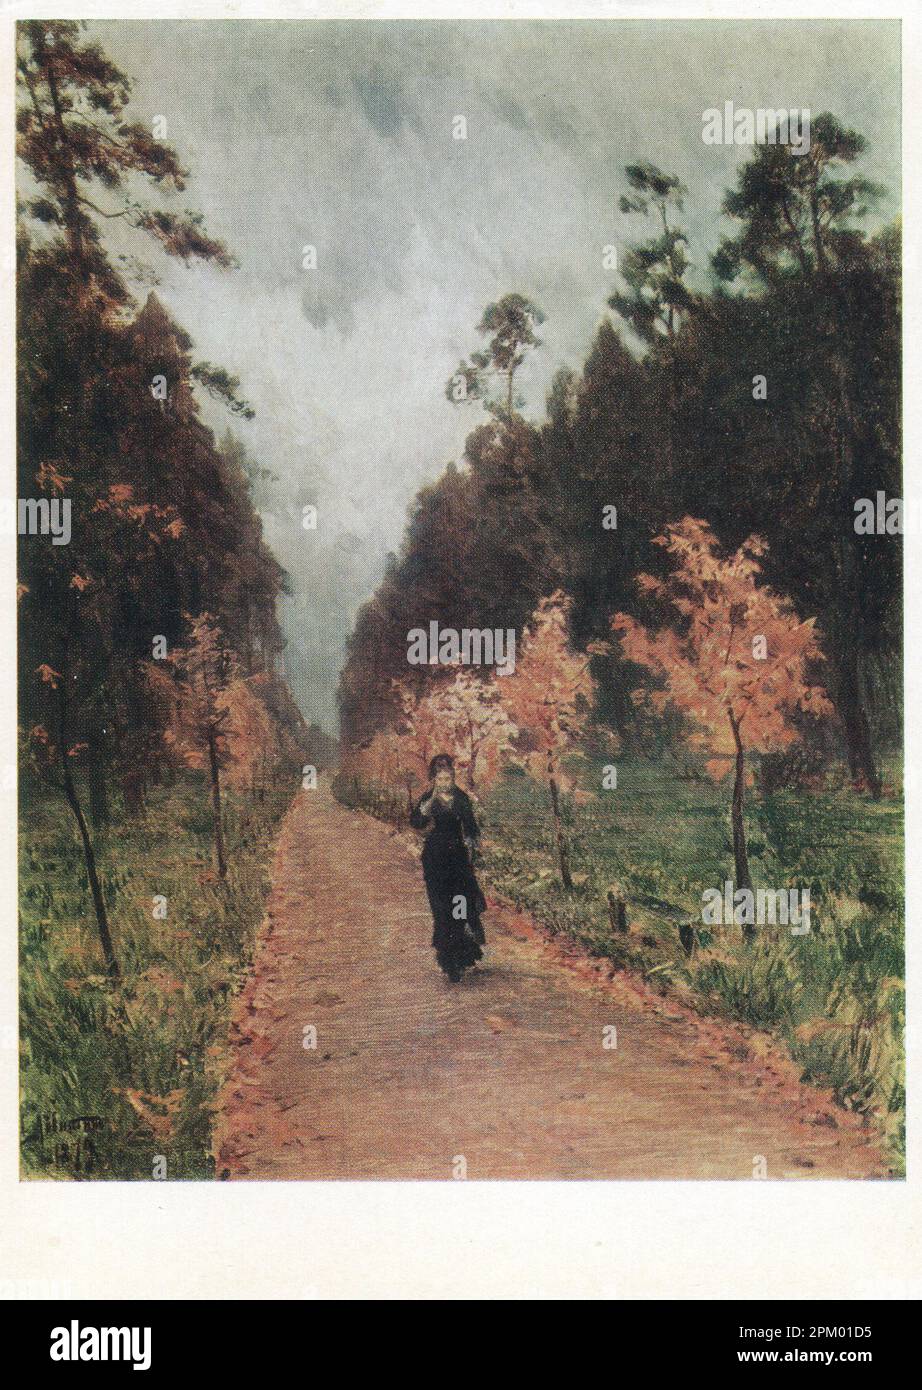 Old Vintage postcard of the USSR, 1971. 'Autumn day. Sokolniki Park.' by Isaac Ilyich Levitan (Russian: Исаак Ильич Левитан; 30 August [O.S. 18 August] 1860 – 4 August [O.S. 22 July] 1900) was a classical Russian landscape painter who advanced the genre of the 'mood landscape'. Stock Photo
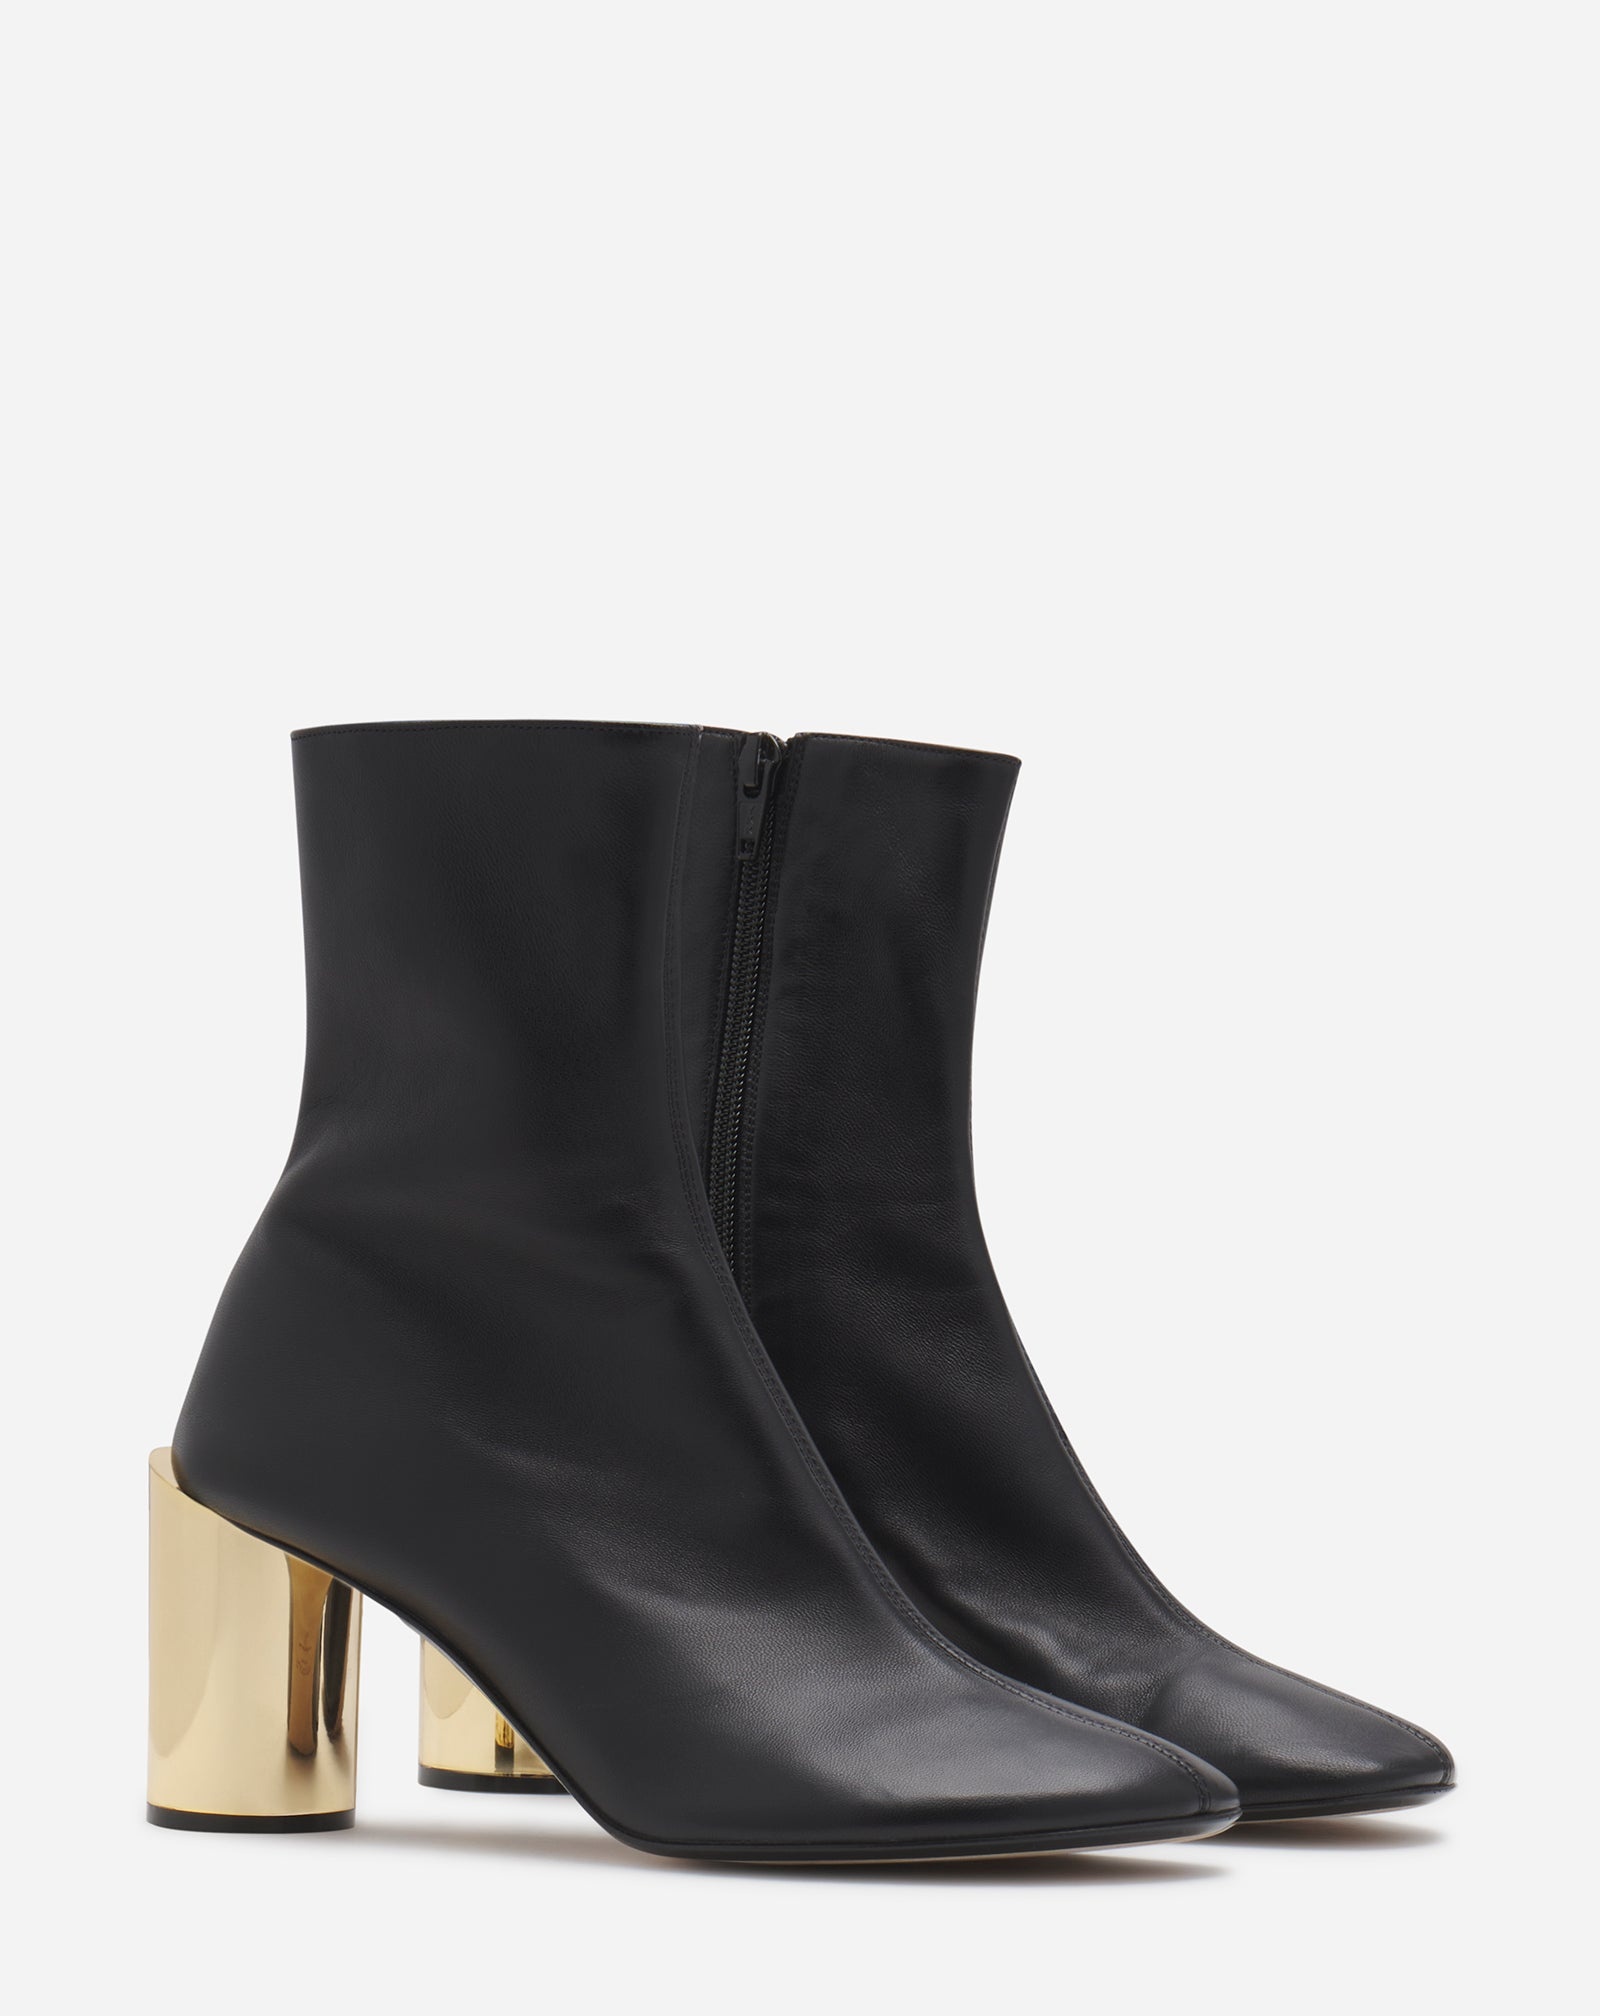 LEATHER SEQUENCE BY LANVIN CHUNKY HEELED BOOTS - 2
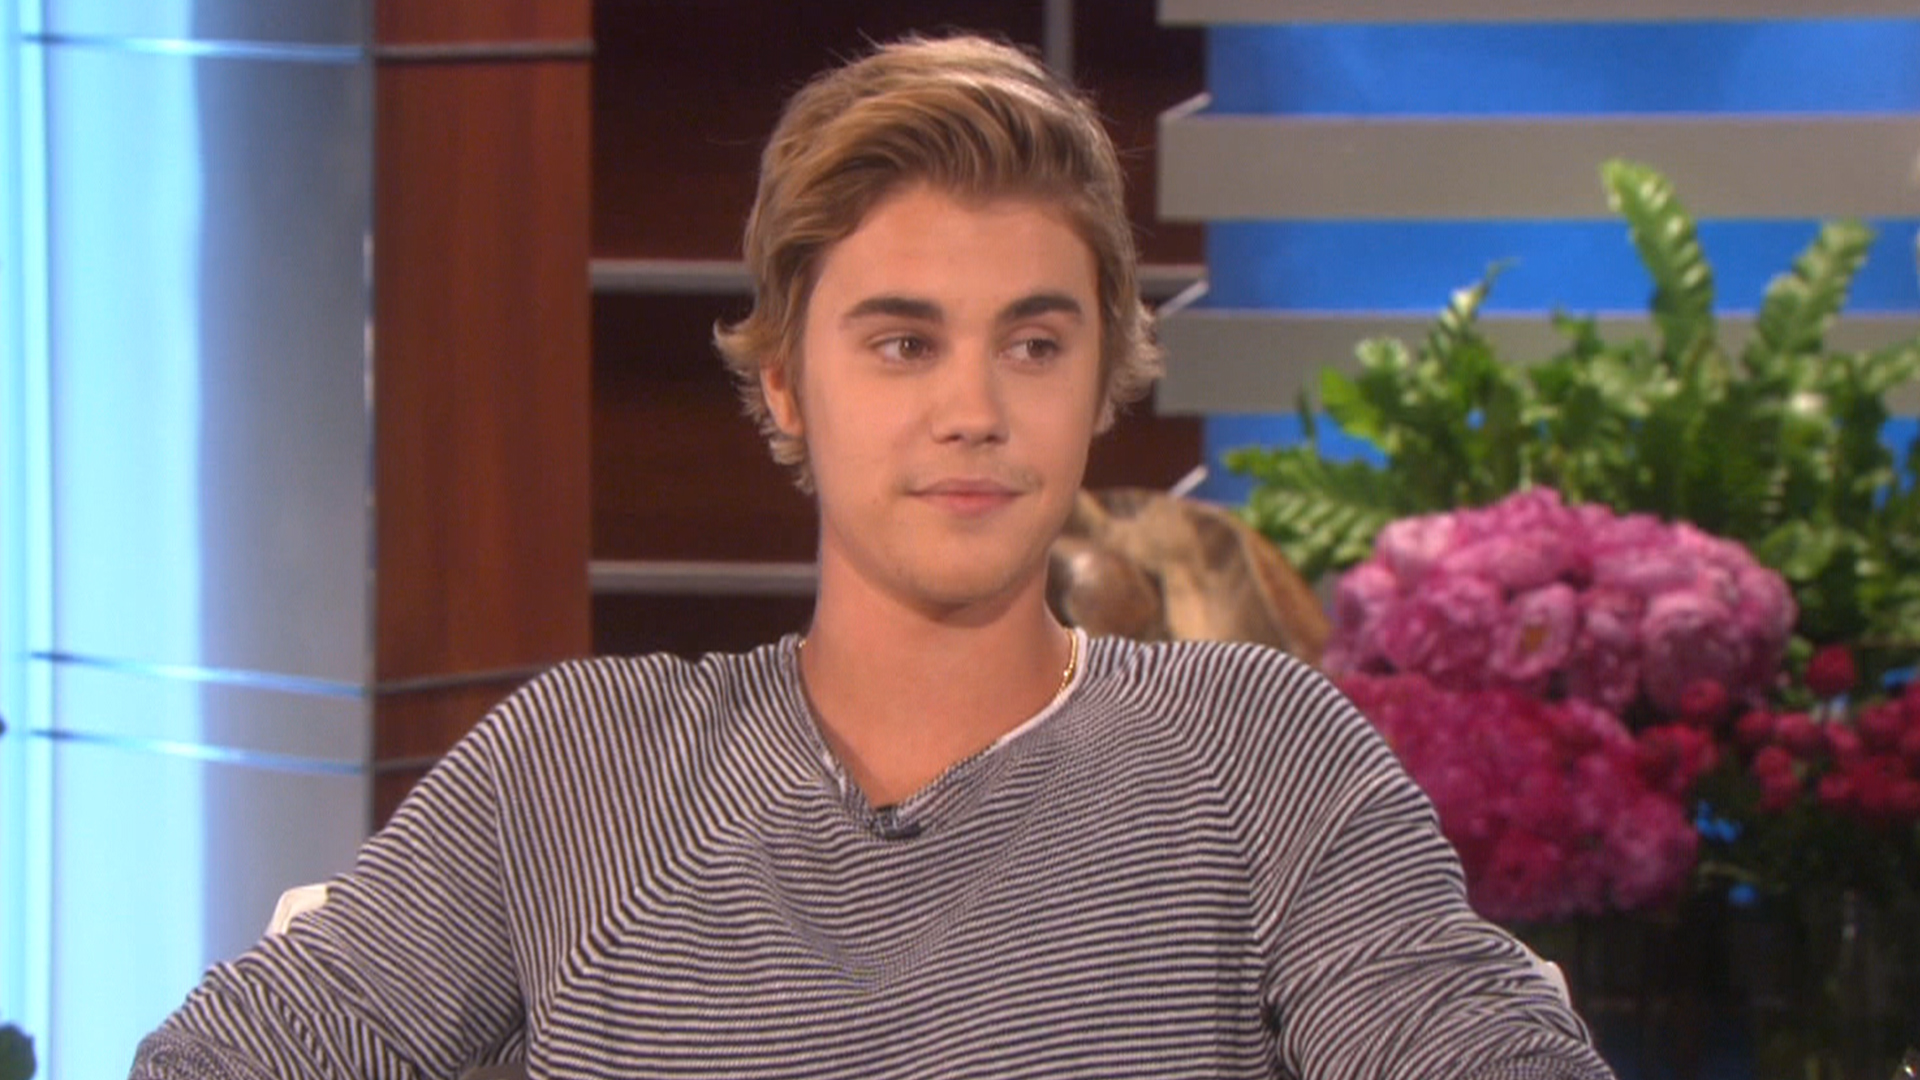 Justin Bieber releases apology video: I'm 'not who I was pretending to be' - TODAY.com

Action item: Set down the whole listing exactly as given, except for the pictures.

Result of this task:
 Old Vintage postcard of the USSR, 1971. 'Autumn day. Sokolniki Park.' by Isaac Ilyich Levitan (Russian: Исаак Ильич Левитан; 30 August [O.S. 18 August] 1860 – 4 August [O.S. 22 July] 1900) was a classical Russian landscape painter who advanced the genre of the 'mood landscape'. Stock Photo
 LEATHER SEQUENCE BY LANVIN CHUNKY HEELED BOOTS - 2
 Justin Bieber releases apology video: I'm 'not who I was pretending to be' - TODAY.com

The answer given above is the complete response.